[PROBLEM TO SOLVE]
Output the data unchanged and complete, minus the images.

[DATA BELOW]
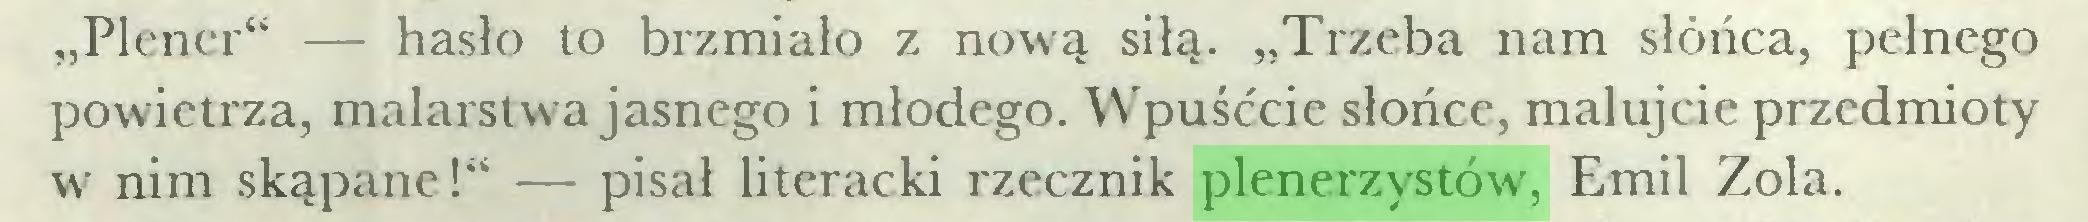 """(...) """"Plener"""" — hasło to brzmiało z now'ą siłą. """"Trzeba nam słońca, pełnego powietrza, malarstwa jasnego i młodego. Wpuśćcie słońce, malujcie przedmioty w nim skąpane!"""" — pisał literacki rzecznik plenerzystów', Emil Zola..."""
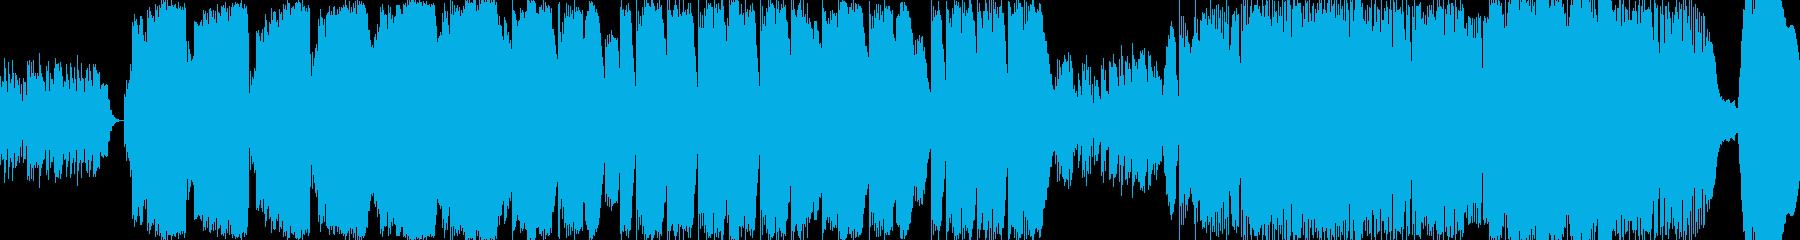 大空を飛ぶ鳥をイメージしたmellowの再生済みの波形
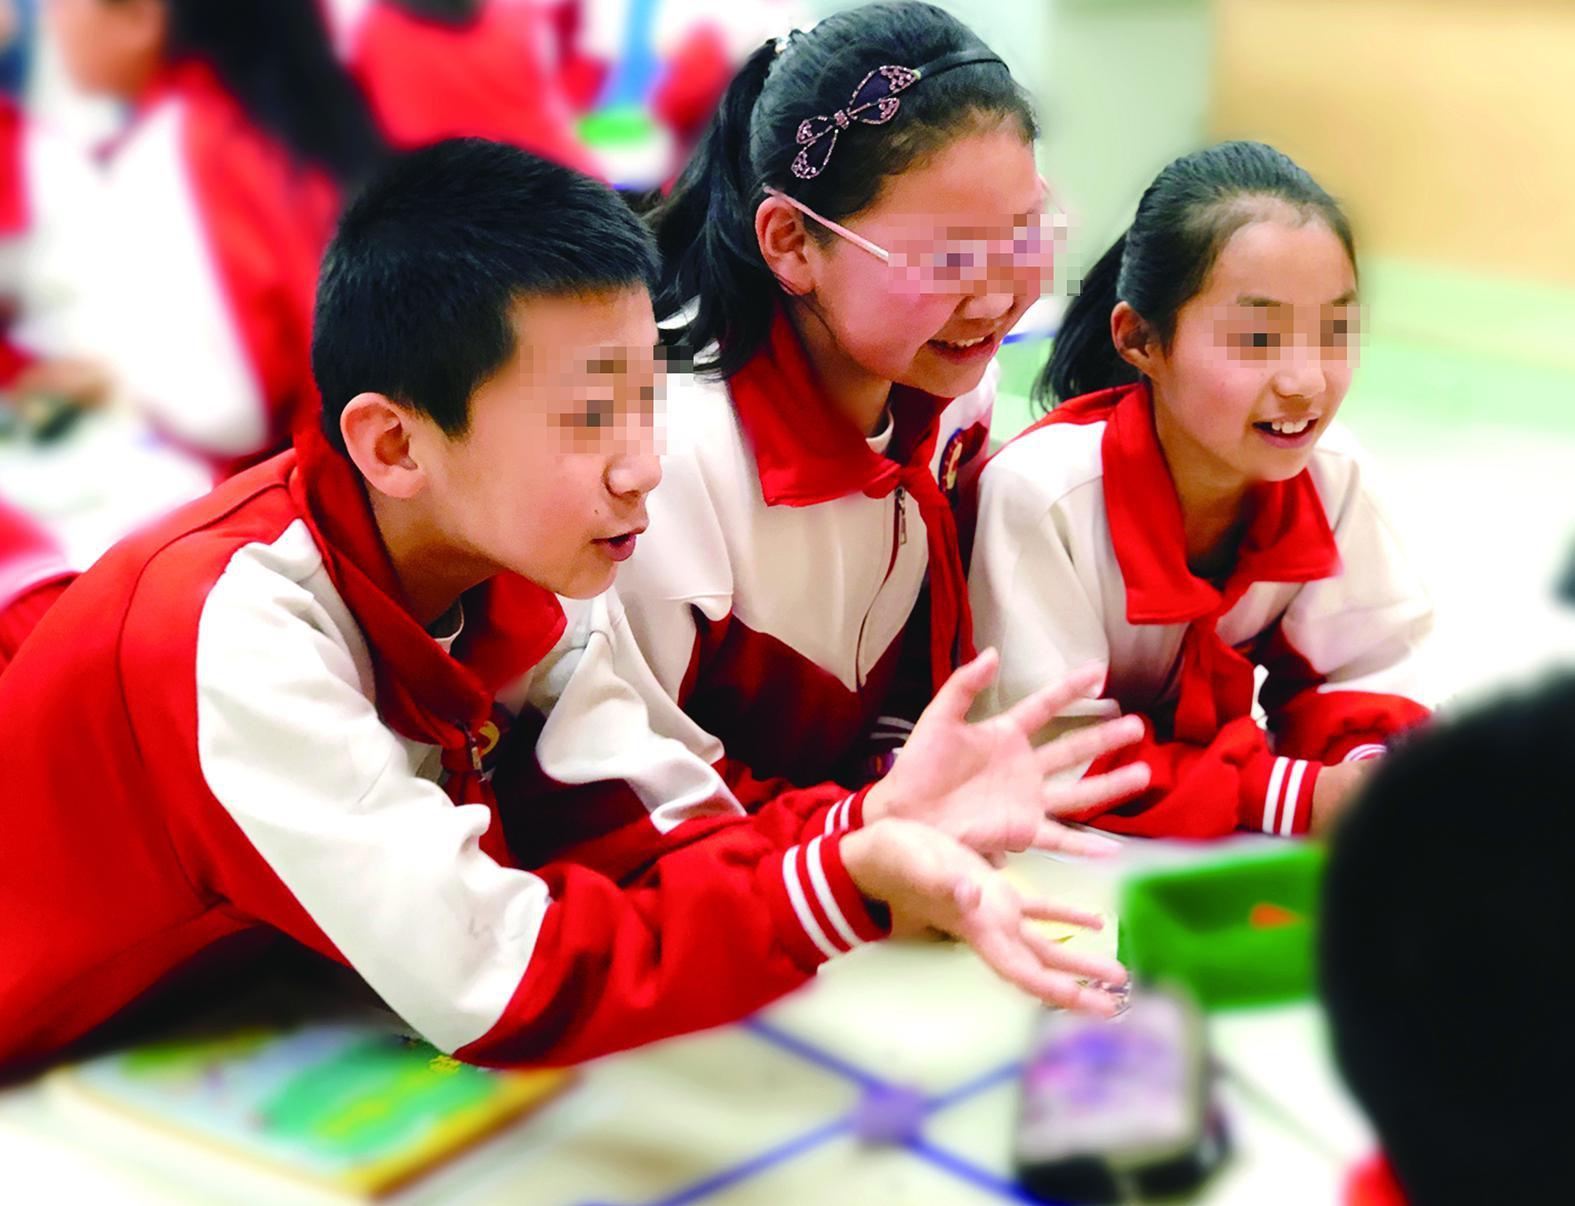 """聚焦儿童社会情感技能 赋能乡村教师专业化发展 首都慈善组织为贫困地区留守儿童送上""""幸福课"""""""

[EXERCISE OUTPUT]
 """(...) """"Plener"""" — hasło to brzmiało z now'ą siłą. """"Trzeba nam słońca, pełnego powietrza, malarstwa jasnego i młodego. Wpuśćcie słońce, malujcie przedmioty w nim skąpane!"""" — pisał literacki rzecznik plenerzystów', Emil Zola..."""
 大空を飛ぶ鳥をイメージしたmellowの再生済みの波形
 """聚焦儿童社会情感技能 赋能乡村教师专业化发展 首都慈善组织为贫困地区留守儿童送上""""幸福课"""""""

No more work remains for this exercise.